Picking a Voice of Reason

(Gerald Martineau - Staff)
By Lyndsey Layton
Washington Post Staff Writer
Wednesday, February 1, 2006

There is no cash prize, no Broyhill living room set, not even a free Metro ride -- just bragging rights and your voice piped into subway cars 33,017 times a day.

But the suspense mounts: Who will win the great Voice of Metrorail contest today? Which singular sound will be selected from among 10 finalists, whose voices range from bass to soprano, from smoky to bubbly?

Will it be the federal bureaucrat with the Southern twang? The second-grade teacher with the chipper tone? The sultry car dealership employee?

The finalists, chosen from 1,259 entries, awoke this morning to the possibility of hitting the big time, of being anointed the new voice of Metro and recording the "doors closing" message that plays on every Metro train after every station stop. The voice will replace a 10-year-old recording that transit officials said has grown so stale no one pays attention to it anymore.

The winner will enjoy a peculiar type of celebrity. His or her voice will become one of the distinctive sounds of Washington, intimately familiar to Metro's 700,000 daily subway riders.

Metro officials were stunned by the interest in the contest. The transit agency was flooded with audition recordings from as far away as Seattle. A panel of Metro managers narrowed the field to 10, all of whom live in the metropolitan area and half of whom ride Metro regularly.

This morning, three judges -- the head of marketing for Metro, a representative of the ad agency under contract with Metro and a former local anchorwoman -- will listen to recordings made in a professional studio and select a winner.

Who would compete for this faceless honor?

"It would be a dream come true," said finalist Steve Broido, a 30-year-old District resident. "It would be so awesome. I'm pretty excited, I have to admit -- just the idea that it could be your voice!"

Broido works for "The Motley Fool," a financial-advice radio program, but labors behind the scenes as a producer, not on the air. He practiced his "doors closing" announcements in the shower.
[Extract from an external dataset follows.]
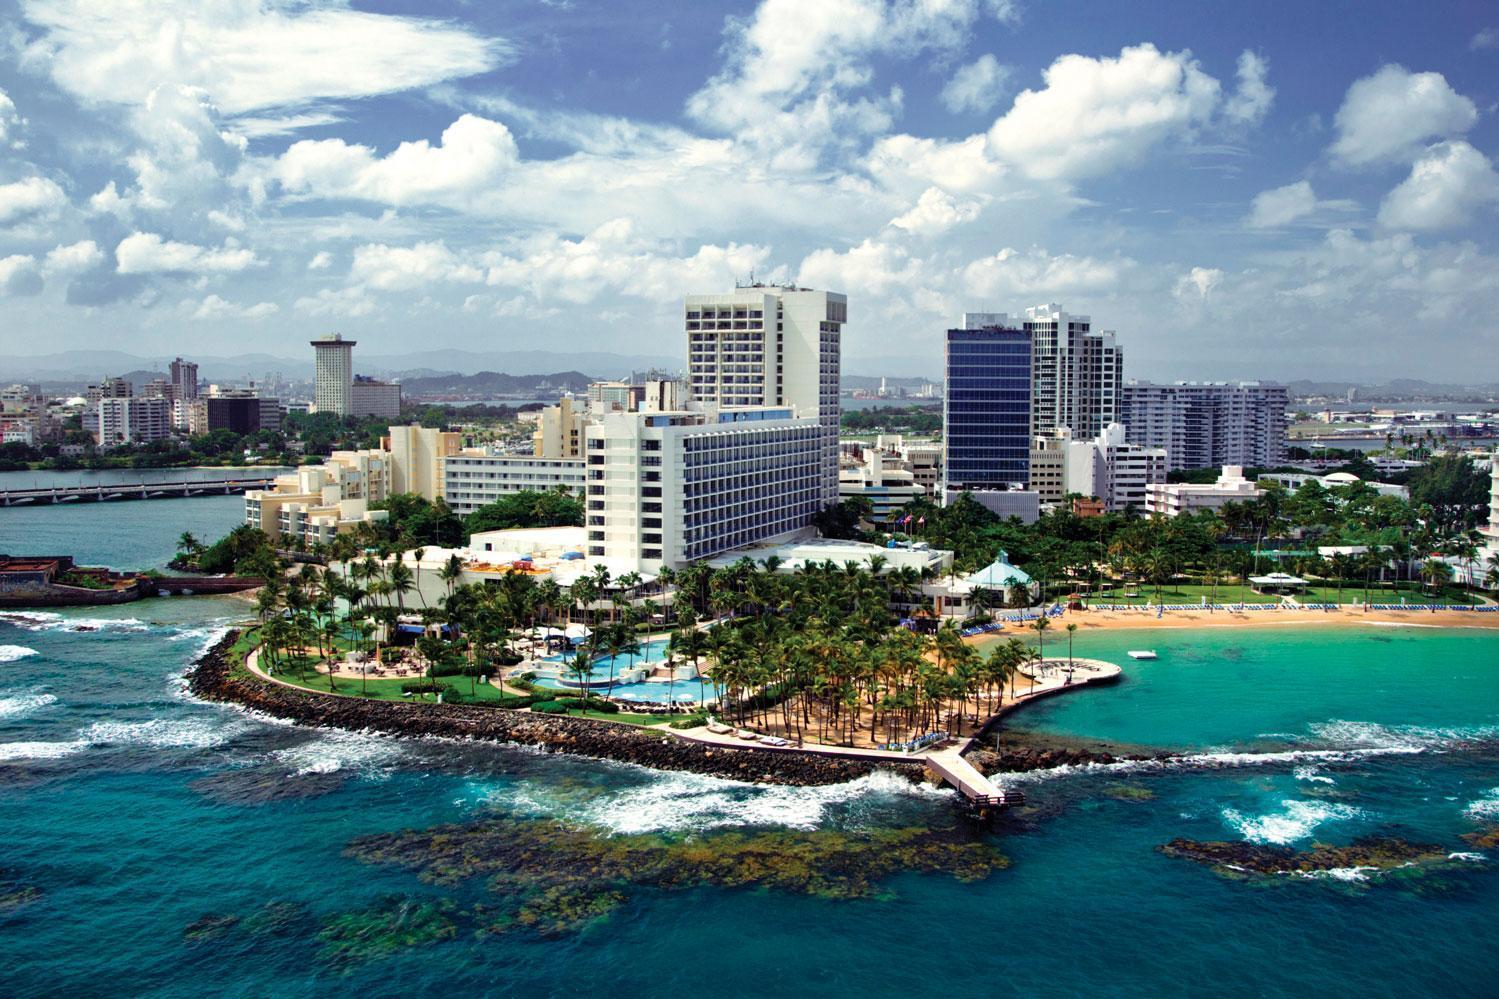 Puerto Rico Travel (id: 15349)

"It's going to be tough," said Broido, who sings bass in an a cappella group. "It all depends on what they're looking for. They're looking for a specific paint chip, and there are millions of paint chips."

John Howell, 35, is a federal worker with no radio experience. He does, however, have a deep voice and a 4-year-old son who is crazy about trains. "I saw this as a blatant opportunity to win Dad points," said Howell, who made his audition tape on a recorder in his Fairfax Station garage and was stunned to be named a finalist.